Because msh is a shell command, it is limited to the originating session. Therefore, you should not reference MaxL scripts that contain new login statements.
Error Checking and Branching
IfError instructs the MaxL Shell to respond to an error in the previous statement by skipping subsequent statements, up to a certain location in the script that is defined by a label name.
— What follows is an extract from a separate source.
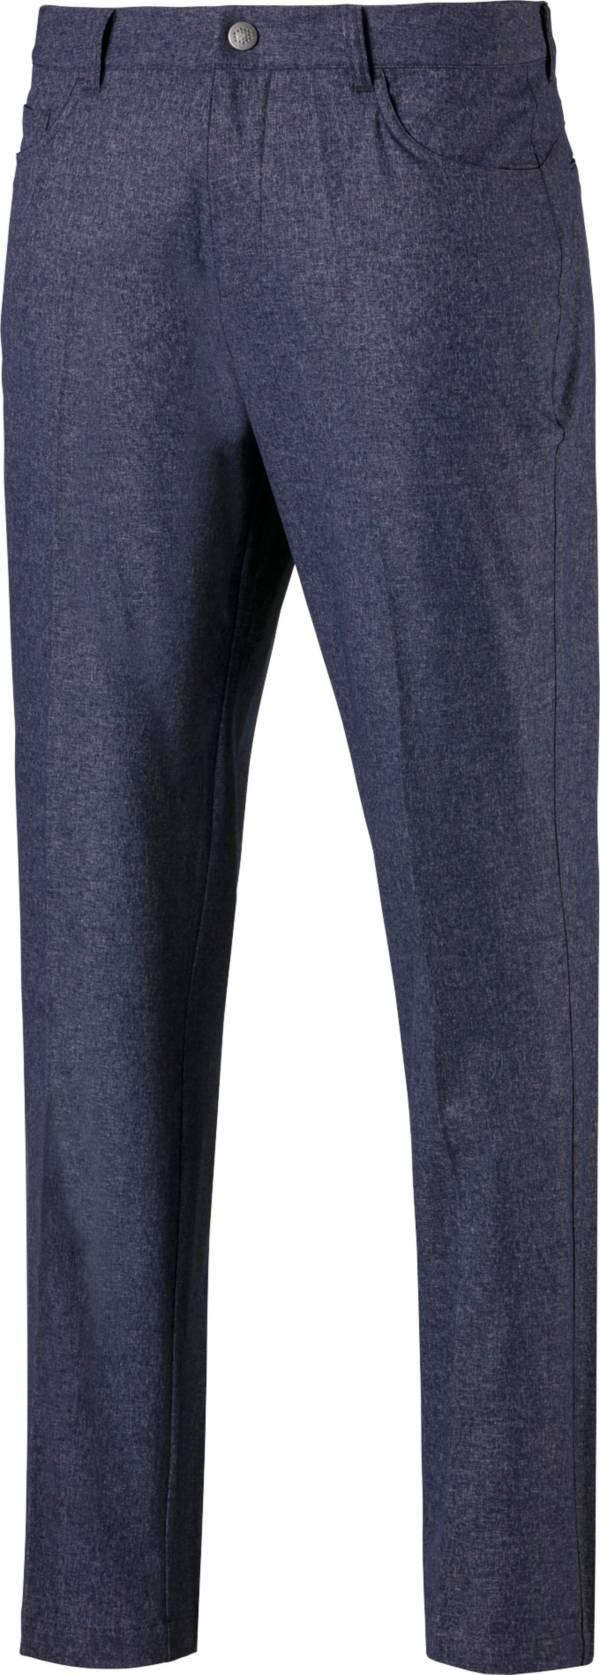 PUMA Men's Jackpot 5 Pocket Heather Golf Pants product image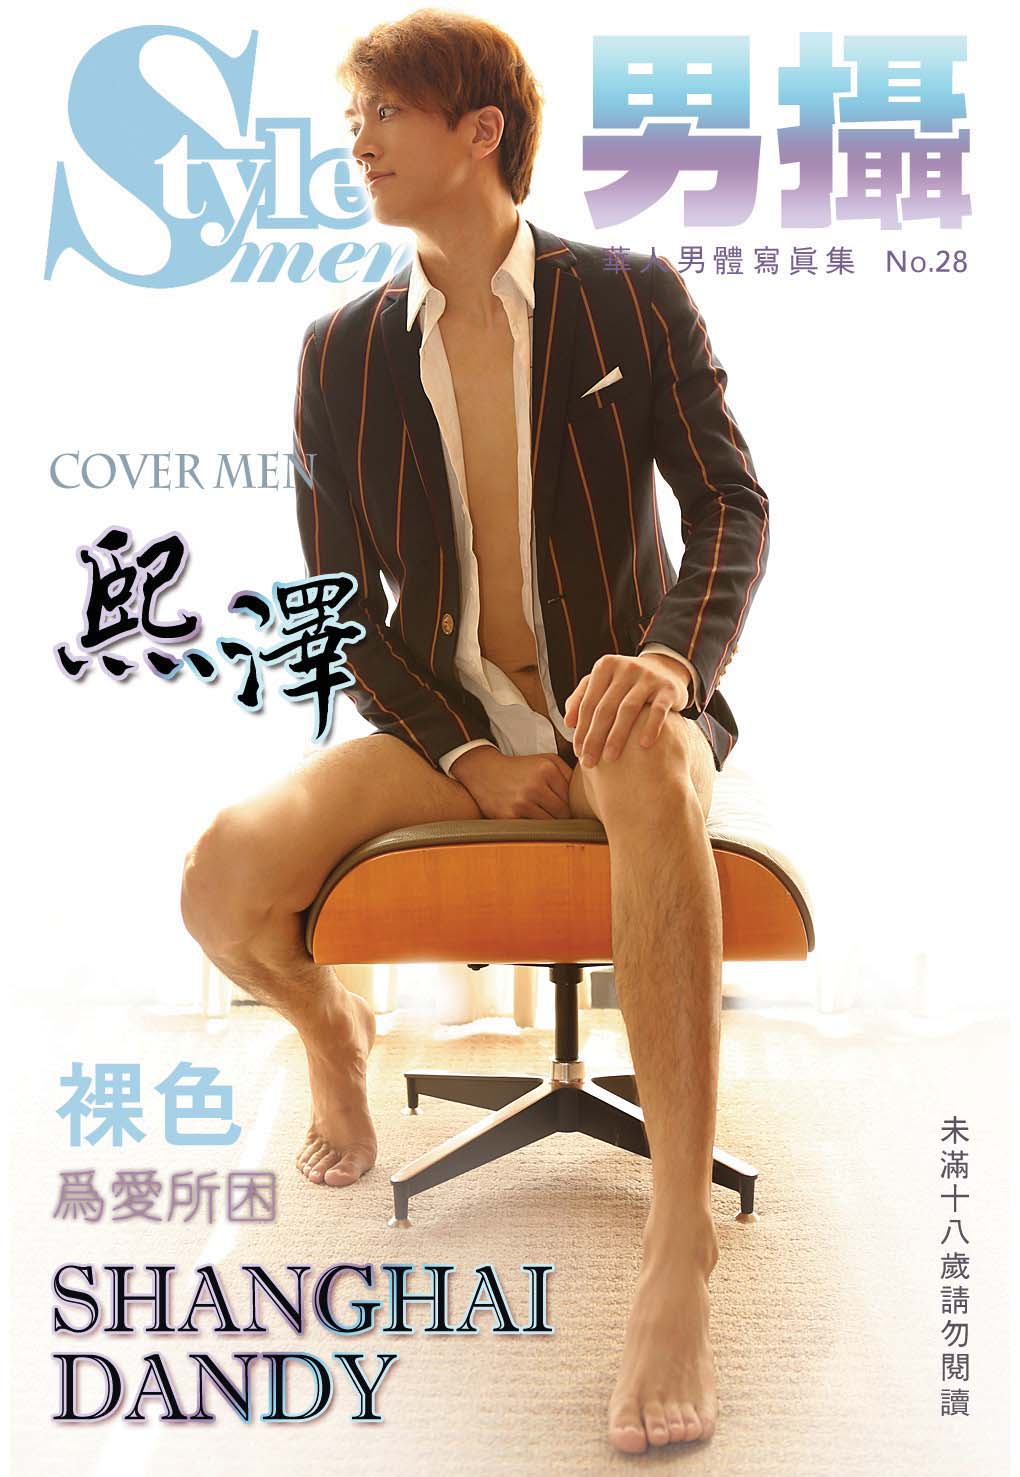 Style Men 28

IfError checks the presence of errors only in the precedent statement. IfError checks for:
-
Errors in MaxL statement execution
-
Errors in MaxL Shell command execution, including:
-
Errors in
spool on/off
, such as permission errors -
Errors in
set column_width
, such as invalid widths -
Errors in script nesting, such as permission errors or nonexistent include files
-
Goto forces the MaxL Shell to branch to a certain location in the script defined by a label name; goto is not dependent on the occurence of an error.
Syntax
iferror LABELNAME
goto LABELNAME
define label LABELNAME
Example: Iferror (MaxL)
The following example script contains a dimension build statement and a data load statement. If the dimension build fails, the data load is skipped.
login $1 $2;
import database sample.basic dimensions
from data_file 'C:\\data\\dimensions.txt'
using rules_file 'C:\\\\data\\rulesfile.rul'
on error append to 'C:\\\\logs\\dimbuild.log';
iferror 'dimbuildFailed';
import database sample.basic data from data_file
"$ARBORPATH\\app\\sample\\basic\\calcdat.txt"
on error abort;
define label 'dimbuildFailed';
exit;
Example: Iferror (MaxL Shell)
The following example script tests various errors including MaxL Shell errors, and demonstrates how you can set the exit status variable to a nonzero argument to return an exit status to the MaxL Shell.
### Begin Script ###
login $1 $2;
echo "Testing syntactic errors...";
spool on to spool.out;
set timestamp on;
iferror 'End';
msh "doesnotexistlerr.mxl";
iferror 'FileDoesNotExistError';
echo "Script completed successfully...";
spool off;
logout;
exit 0;
define label 'FileDoesNotExistError';
echo "Error detected: Script file does not exist";
spool off;
logout;
exit 1;
define label 'ShellError';
echo ' Shell error detected...';
spool off;
logout;
exit 2;
define label 'End';
echo ' Syntax error detected...';
spool off;
logout;
exit 3;
### End Script ###
Example: Goto
The following example script contains a dimension build statement and a data load statement. Goto is used to skip the data load.
login $1 $2;
import database sample.basic dimensions
from data_file 'C:\\data\\dimensions.txt'
using rules_file 'C:\\\\data\\rulesfile.rul'
on error append to 'C:\\\\logs\\dimbuild.log';
goto 'Finished';
import database sample.basic data from data_file
"$ARBORPATH\\app\\sample\\basic\\calcdat.txt"
on error abort;
define label 'Finished';
exit;
Notes
The MaxL Shell will skip forward in the script to LABELNAME but not backwards.
Version
To see which version of MaxL you are using, type version.
Example
version;
Logout
Log out from Essbase without exiting the interactive MaxL Shell.
Example
logout;
Exit
Exit from the MAXL
> prompt after using interactive mode. You can optionally set the exit status variable to a non zero argument to return an exit status to the parent shell.
Note:
It is not necessary to exit at the end of MaxL script files or stream-oriented input (using the -i switch).
Example
exit 10;
Closes the MaxL Shell window or terminal with a return status of 10. You can use this in combination with IfError to return a non zero error status to the parent shell.